Gaultry scrambled the rest of the way out of the hedge. Brushing herself down, she nervously eyed the velvety green hump of the barrow. She had encountered such things often enough in the south, though seldom shrouded with the secrecy of this site. They were ancient remnants of the wandering tribes, the people who had inhabited Tielmark from before the time the land had yielded to Bissanty rule, deep in the mists of history. The tribes had worshipped all the Great Twelve, and spoken to them directly through Rhasan magic—the ancient mystical symbols that bound past to present, present to future, man to god, man to animal. Although the wanderers had lived without fixed borders, they had built massive earthworks and erected crude stone temples to the gods’ honor, testament to their strength. Gaultry, who had been touched three times in her life by true Rhasan magery, could not quite comprehend why a people who had commanded such strong magical powers had ever yielded to Bissanty rule, but that they had done so was a proven matter of history.
Some of the barrows and temples had been abandoned for centuries, others overbuilt. A few, places of great power, were still in use, their connection to the past unbroken. The temple of Emiera in Paddleways, the village nearest Gaultry’s home in Arleon Forest, had a crypt that dated to back to the wanderers. Other sites still were scoured and cleaned according to ancient cycles: seven years, twelve, twenty, fifty. Some even longer.
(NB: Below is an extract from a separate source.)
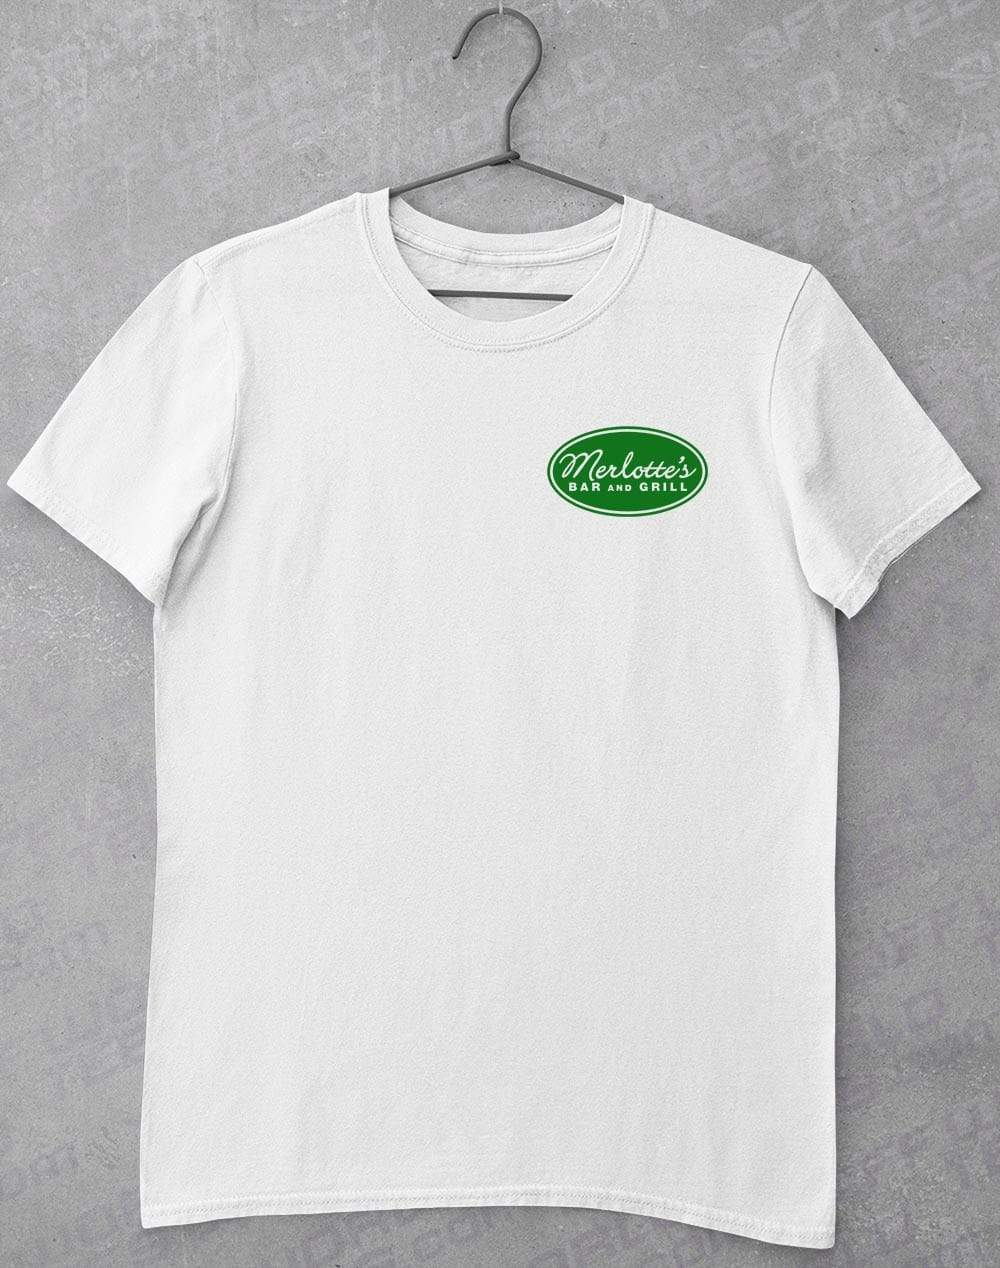 Merlotte's Bar and Grill T-Shirt (Men's Fit) L / White  - Off World Tees

When she was a small child, a stone near her grandmother’s cottage had reached the summer of its ritual scouring. She had a hazy recollection of Tamsanne’s displeasure at the local farmwives’ intrusion on her forest demesnes. Her memory of the scouring itself was clearer: dirty water running down the rough sides of the stone as it emerged, coal-black, incised with a network of scarlike lines, from beneath two score years’ of forest debris.
Unlike that stone singleton, the stones before her had obviously been recently treated. The center stone was bleached and pale, the outriders bare of staining vegetation. The cavity in the center stone brimmed with dark reddish liquid. Gaultry recognized it: treated blood, mixed with herbs so it would not clot and thicken.
She would have to free Aneitha and retreat as quickly as possible. These places were not often sacrally interdicted, but casual visitors were seldom welcome.
Aneitha’s noise made her easy to find, along with the logic of the pit into which she had fallen. There was only one break in the hedge, on the far side from where Gaultry had entered. The pit had been positioned a little inside that entrance, where anyone who did not know it was there would blunder in. Gaultry moved cautiously closer. Dense turf covered the network of branches and straw that had been laid to cover the pit. From the state of the turf, it was evident that this trap had been constructed many years past. The point where the grass made the transition from pit-cover to solid ground was indistinguishable. She was not surprised Aneitha had been caught.